Yes you can increase aggregate spending through consumer goods spending, but you can also increase spending and aggregate demand by having people buy more investments. You can spend and save at the same time. There are many ways to spend and save at the same time. You can buy something you are only going to need later, you can buy stocks in a business that will use the money to buy equipment and employ people, you can lend to a business that will buy equipment and employ people. This is all the economic equivalent of investing, the I in the GDP equation C+I+G+(X-M)

The only thing you need to prevent is people and organisations sitting on idle cash or cash like investments. That's what destroys the economy. Anyways fiat is a fictitious form of saving on the aggregate. It doesn't produce anything and people accumulating it doesn't increase the amount of stuff they will be able to buy in the future on the whole.

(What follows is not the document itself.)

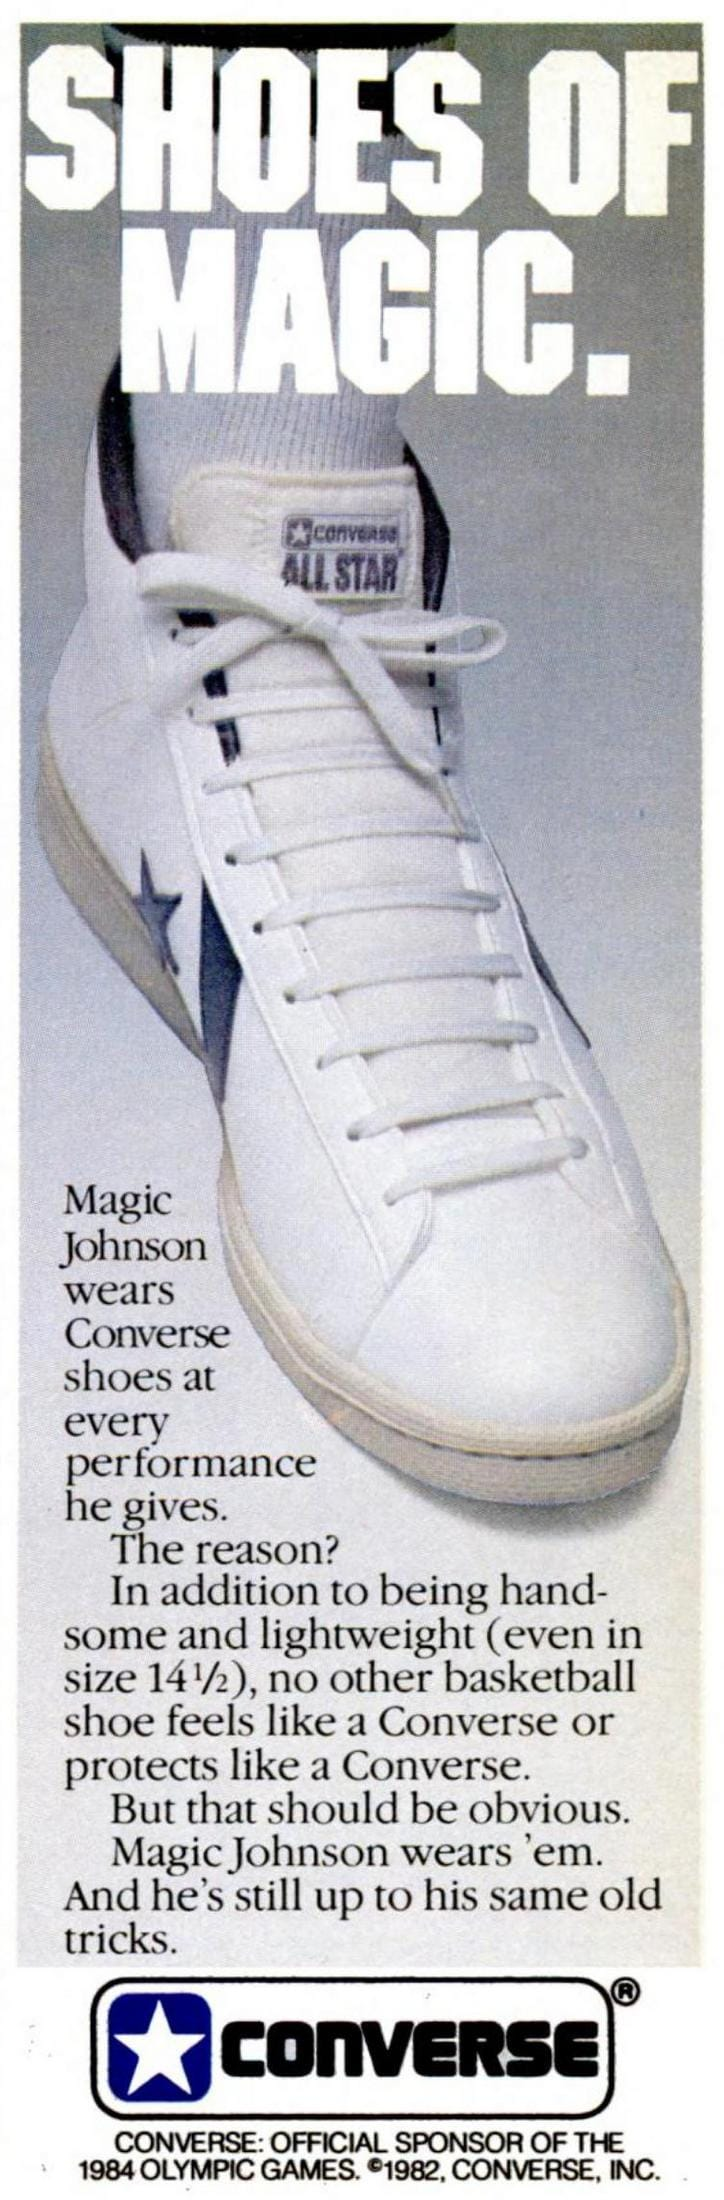 Retro 80s Converse shoes of magic - 1984

The point is to move the economy away from idle fiat and into consumption or investment.



>The only thing you need to prevent is people and organisations sitting on idle cash or cash like investments. That's what destroys the economy.

Not true. Cash kept in banks is reinvested in the economy. If companies like Apple keep billions in the bank, it has the effect of lowering interest rates and therefore encouraging investment.

Clarity in economic thought comes when this incorrect bit of Keynesian relic thinking is discarded.


Banks are organisations, I include them in this, you need to prevent banks from not lending.

>"it has the effect of lowering interest rates"

Not when we are already at the zero lower bound.

At the ZLB you need higher inflation targets for things to function properly.